Sich vor Satan schützen!

„Erlöse uns von dem Bösen“, lehrt Jesus uns beten im Vaterunser. Selbst die größten Zweifler wissen: Das Böse existiert – sei es aus Erfahrungen im eigenen Leben, sei es aus der Berichterstattung vieler Medien oder der Geschichte der Menschheit. Wie schützen wir uns aber ganz konkret am besten davor?

Fünf sehr konkrete Tipps, wie man sich vor dem Bösen schützt, wurden am 30. Mai 2017 bei CNA- Deutsch veröffentlicht. Patti Armstrong vom „National Catholic Register“ hat sich beraten lassen und stellt die Ratschläge vor:

1. Erkenne und vermeide Sünden!
Die Werbung und andere weltliche Stimmen mögen manchmal damit kokettieren, aber Sünde ist kein Spaß und verdient keine positive Aufmerksamkeit. „Die übliche Arbeit des Teufels ist Sünde. Sünde führt zum Tod der Seelen“.

2. Verstehe: Der geistliche Kampf ist kein Kampf „auf Augenhöhe“!
Gerede über „Wertschätzung“ und Begegnungen „auf Augenhöhe“ ist im Ringen um Öffnung für Gottes Liebe wenig hilfreich. Denn dieser geistliche Kampf – den alle Christen führen müssen – gegen das Böse wird nicht zwischen gleich starken Mächten ausgefochten. „Die echte Macht ist Gott, der alles geschaffen hat“. Der Gott der Dreifaltigkeit, der uns so liebt, dass er „vom Himmel zu uns kam, um in uns zu wohnen. Er ist in jeder getauften Person und explodiert in uns durch die Heilige Eucharistie. Es gibt keinen Gott außer ihm“.

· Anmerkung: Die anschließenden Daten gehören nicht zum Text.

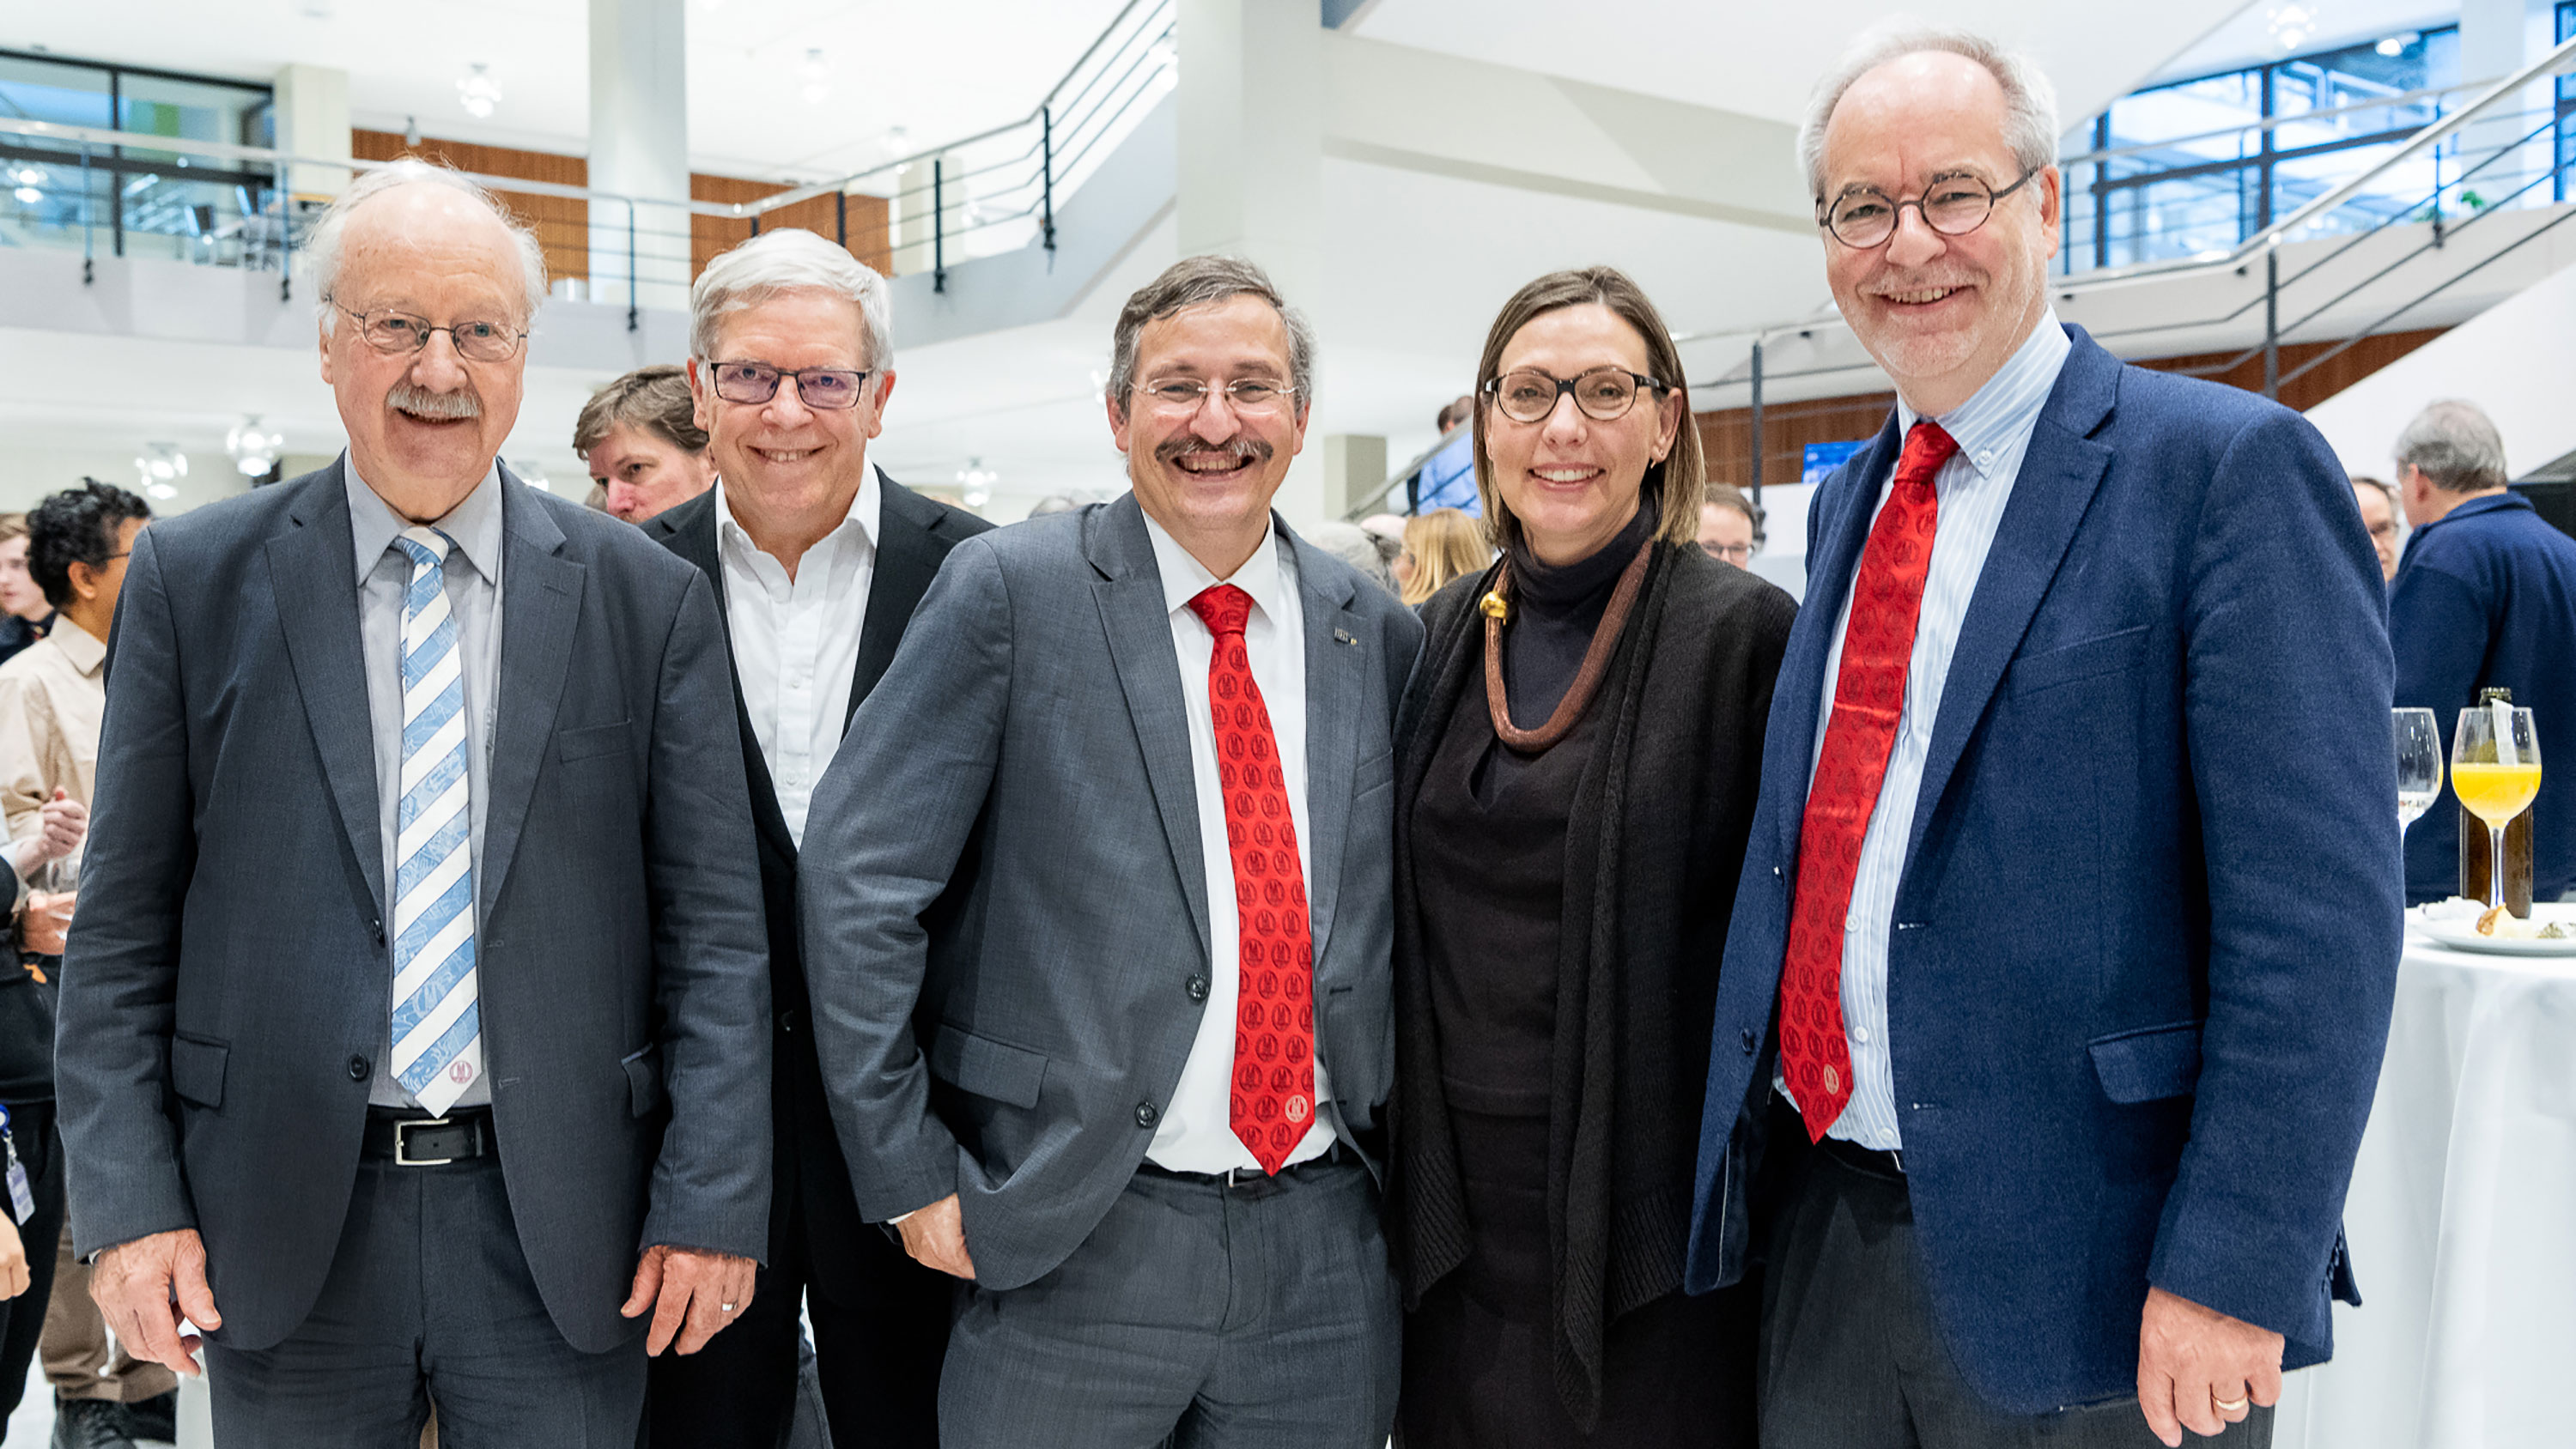 Hans Weder (UZH President from 2000-2008), Andreas Fischer (UZH President from 2008-2013), President ad interim Gabriele Siegert and Otfried Jarren (President ad interim from 2013-2014) also attended the event at Irchel.

3. Gehe Beichten und lebe die Sakramente!
Die Beichte ist eine bessere Waffe im Kampf gegen den Teufel als der Exorzismus. „Das eine ist ein Sakrament, das andere ist ein Segen“. „Wenn die Schlange vor dem Beichtstuhl kürzer wird, dann wird der Teufel eifriger.“ „Das beste Mittel, um uns vor dem Bösen zu schützen ist durch die Sakramente, denn sie wurden von Jesus Christus eingesetzt und erfüllen uns mit der Gnade, uns zu schützen und Gott näher zu bringen“.

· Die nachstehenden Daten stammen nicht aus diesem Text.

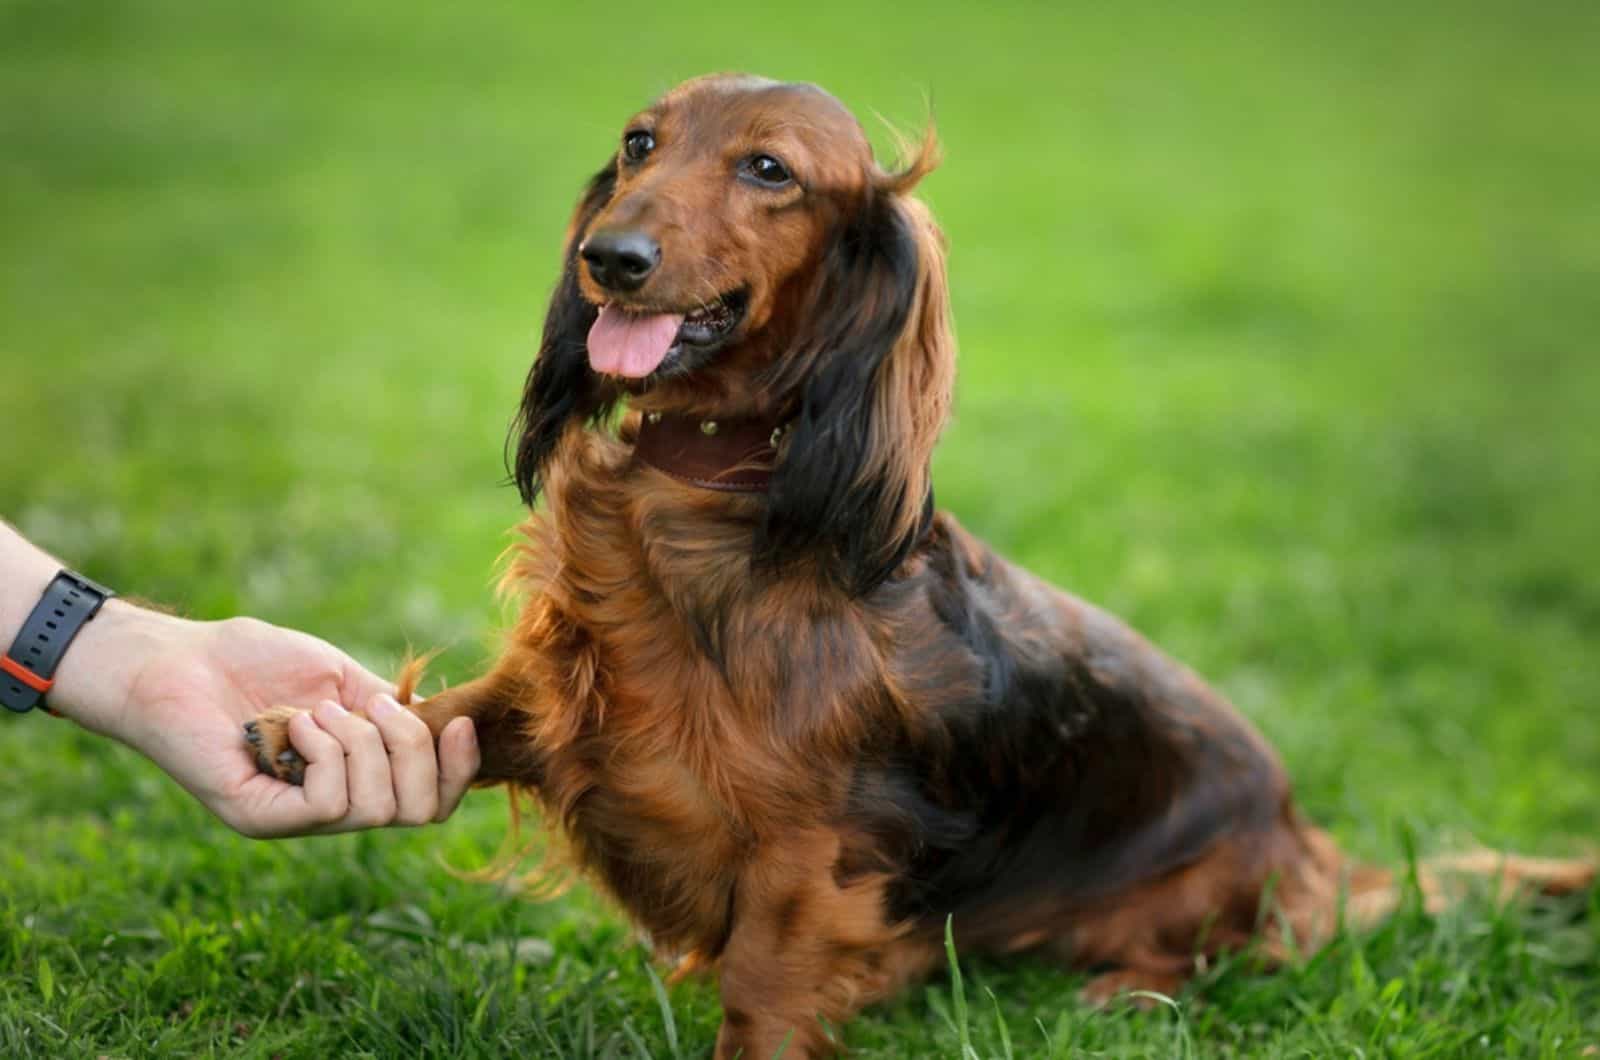 dachshund dog gives his paw to a man in the park

4. Sei Pro-Aktiv: Hilf Dir und den Deinen!
Viele Katholiken leben in einem sehr säkularen Umfeld, in dem es viele negative Einflüsse gibt. Jeder mündige Christ ist verantwortlich dafür, sich und seine Familie nicht diesen auszusetzen, sondern sein Zuhause und seine Lieben davor zu schützen. Einmal durch eine kluge Auswahl der Medien: Wer über den Glauben und die Kirche mehr aus weltlichen Medien erfährt als den eigentlichen Quellen, wird nicht wissen, was er wissen muss, um als mündiger Christ zu leben. – Und zum anderen durch das Gebet (etwa zum Erzengel Michael), die Fähigkeit zu Verzeihen und um Verzeihung zu bitten, „Danke“ und „Bitte“ zu sagen, sowie die Nutzung von Sakramentalien (etwa Skapulier, Weihwasser, Rosenkranz), und natürlich die Lektüre der Bibel und guter Medien.

5. Wenn Du Hilfe brauchst, geh zu einem guten Priester!
Es ist selbstverständlich, dass man für sich und seine Familie einen guten Arzt oder Steuerberater sucht. So braucht ein Katholik immer wieder mal einen guten Priester. „Wenn ein Priester betet und seinen Segen gibt, dann handelt er in der Person von Jesus Christus, was sehr machtvoll ist. Wenn der Priester betet sieht der Teufel Jesus Christus“.